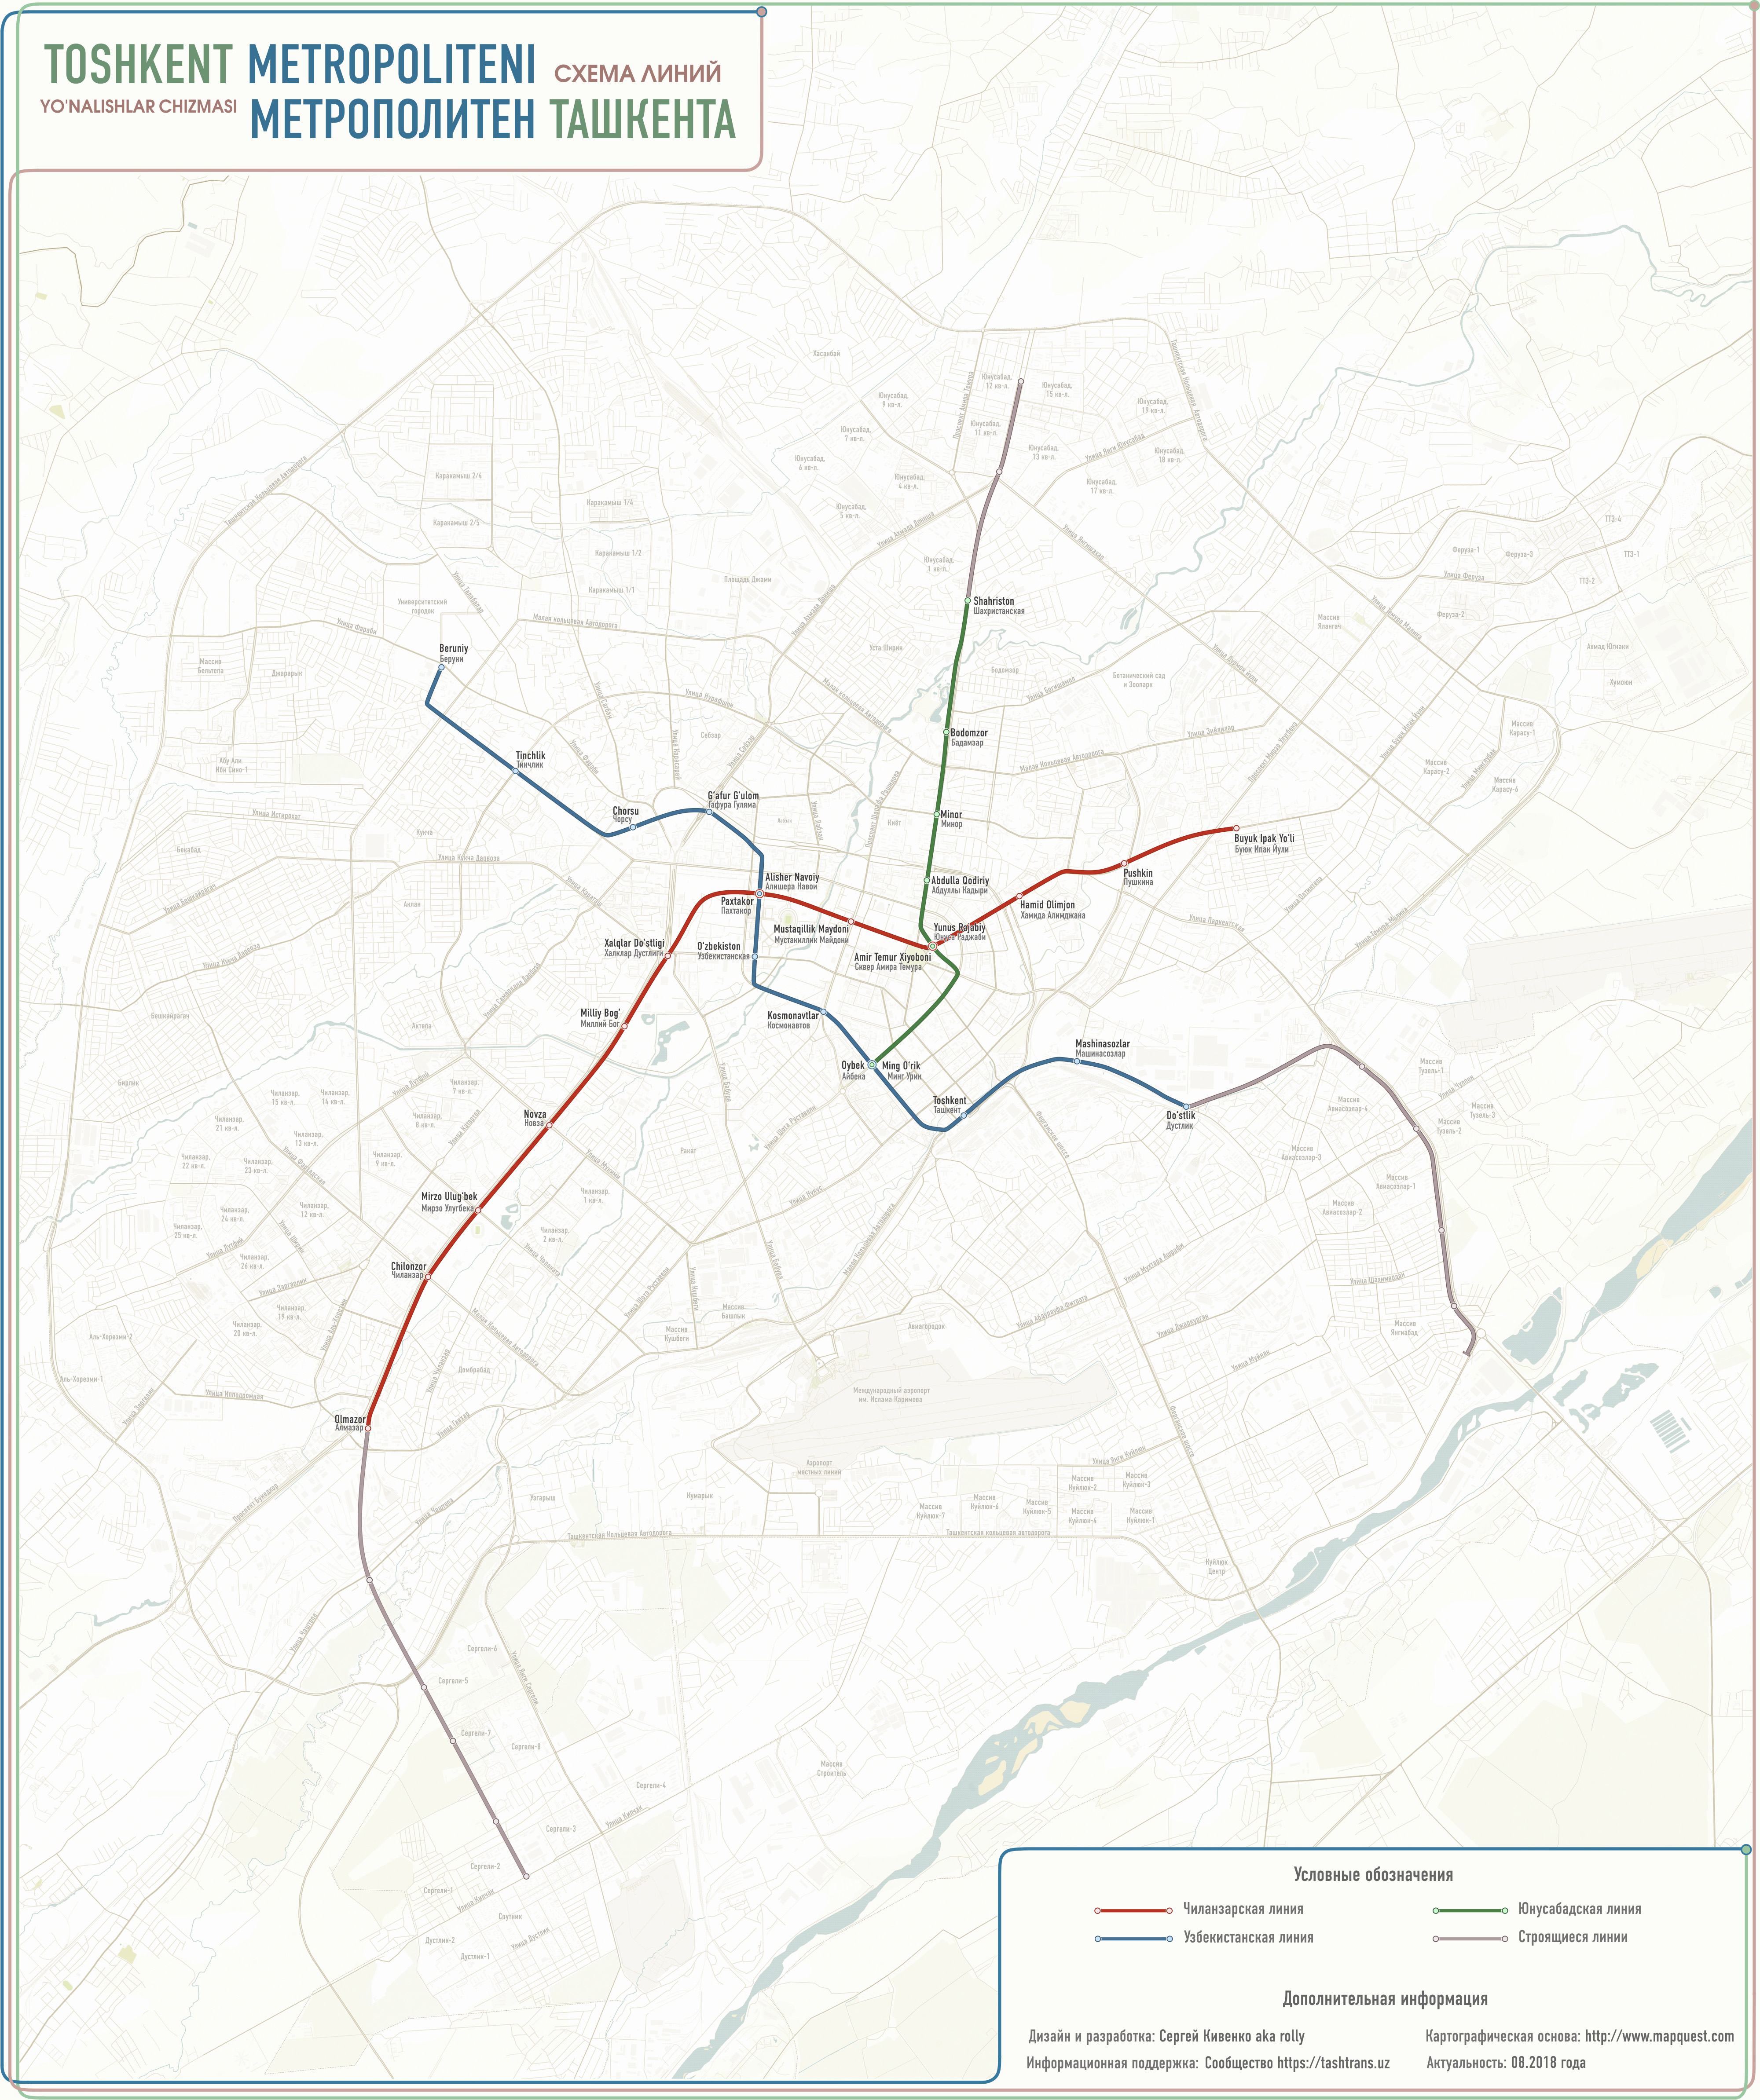 Tashkent — Metro — Maps
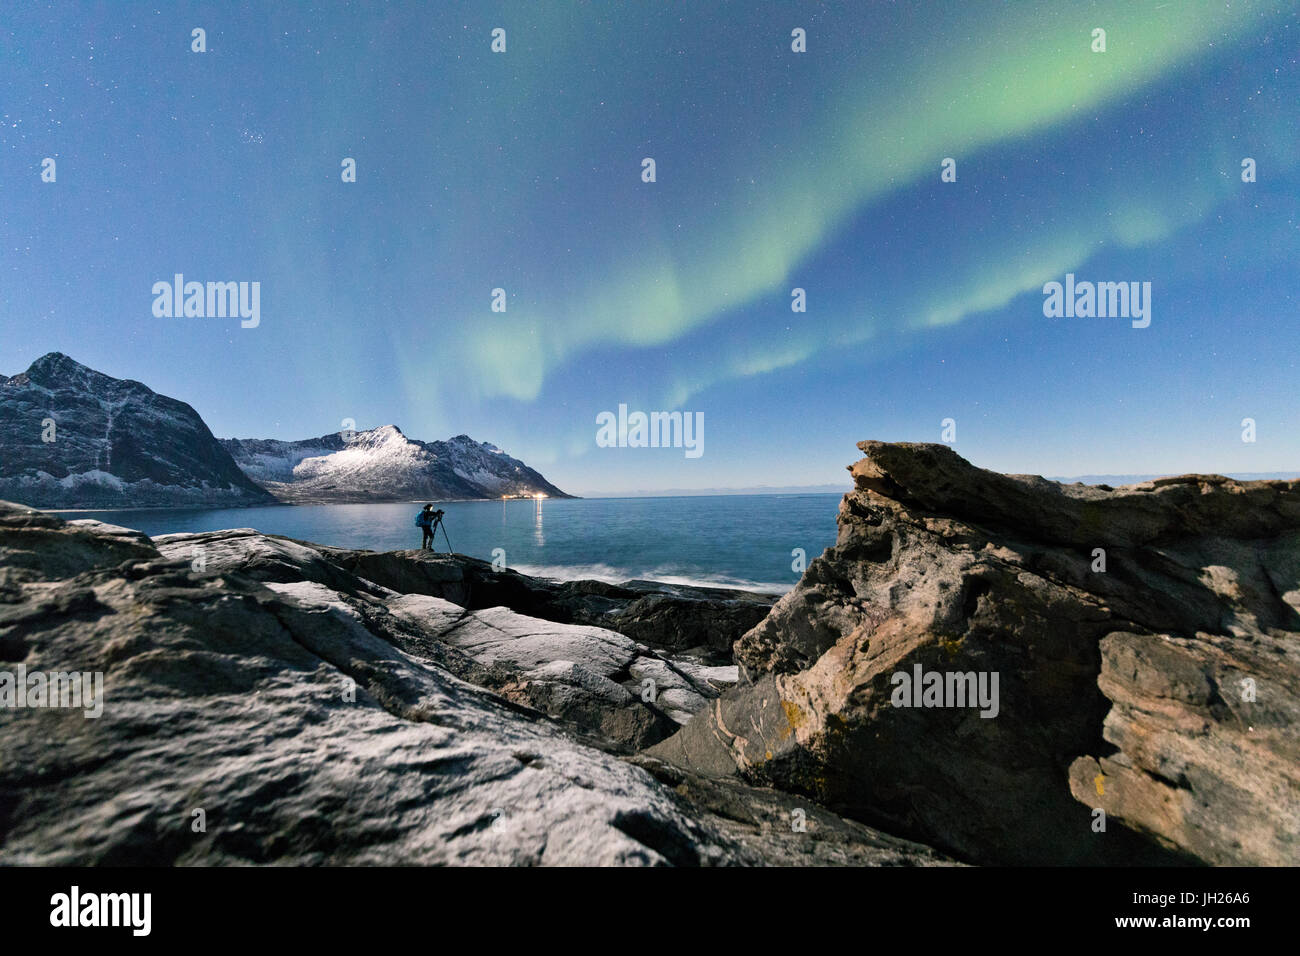 Fotografo sotto le stelle e Northern Lights circondato da picchi rocciosi e mare ghiacciato, Tungeneset, Senja, Troms, Norvegia Foto Stock
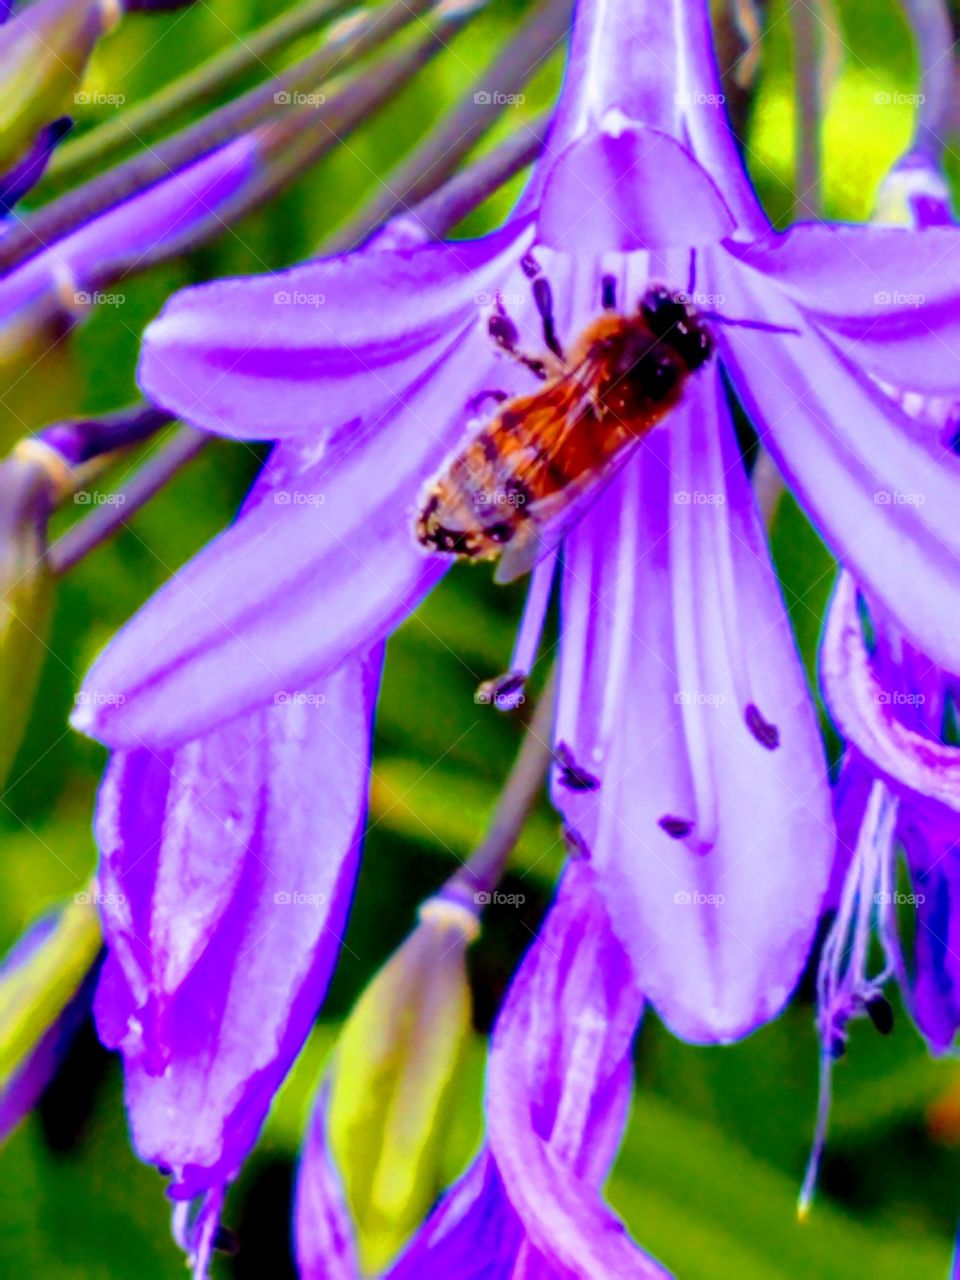 Honey Bee on Violet Flowers in Summer
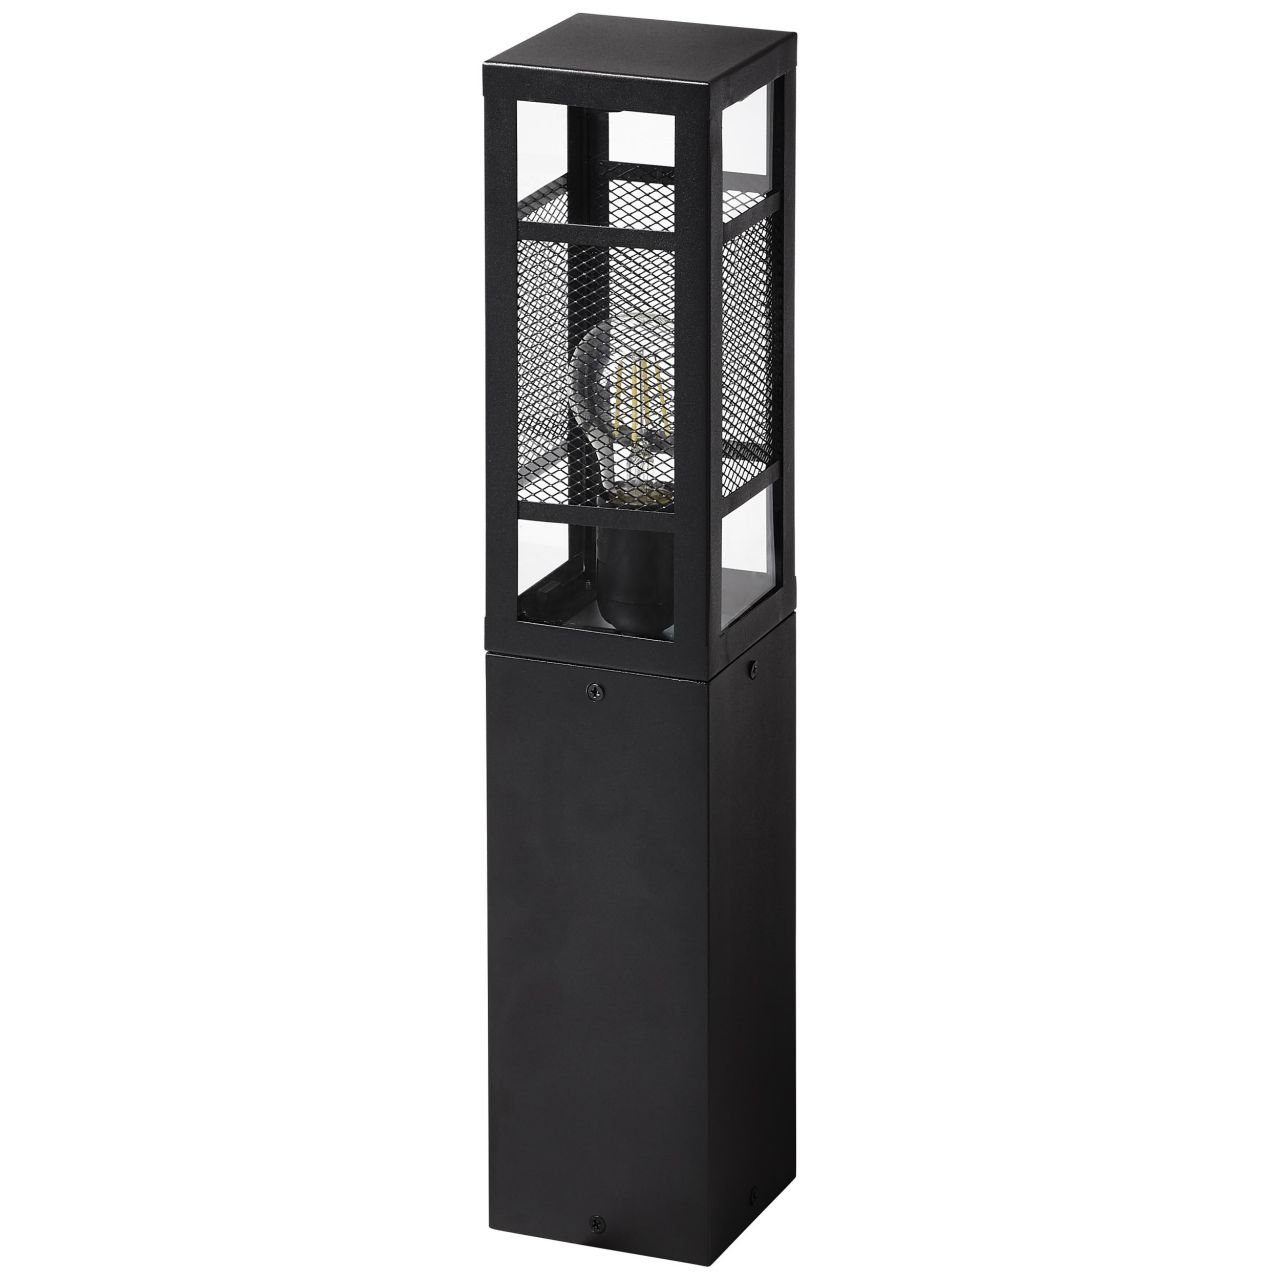 Brilliant Außen-Stehlampe Außensockelleuchte Getta Lampe, schwarz, 1x A6 Getta, Metall/Kunststoff, 50cm

━━━━━━━━━━━━━━━━

Word for word, write out the whole listing, keeping none of the pictures.

> [REPLY]
 Tashkent — Metro — Maps
 Fotografo sotto le stelle e Northern Lights circondato da picchi rocciosi e mare ghiacciato, Tungeneset, Senja, Troms, Norvegia Foto Stock
 Honey Bee on Violet Flowers in Summer
 Brilliant Außen-Stehlampe Außensockelleuchte Getta Lampe, schwarz, 1x A6 Getta, Metall/Kunststoff, 50cm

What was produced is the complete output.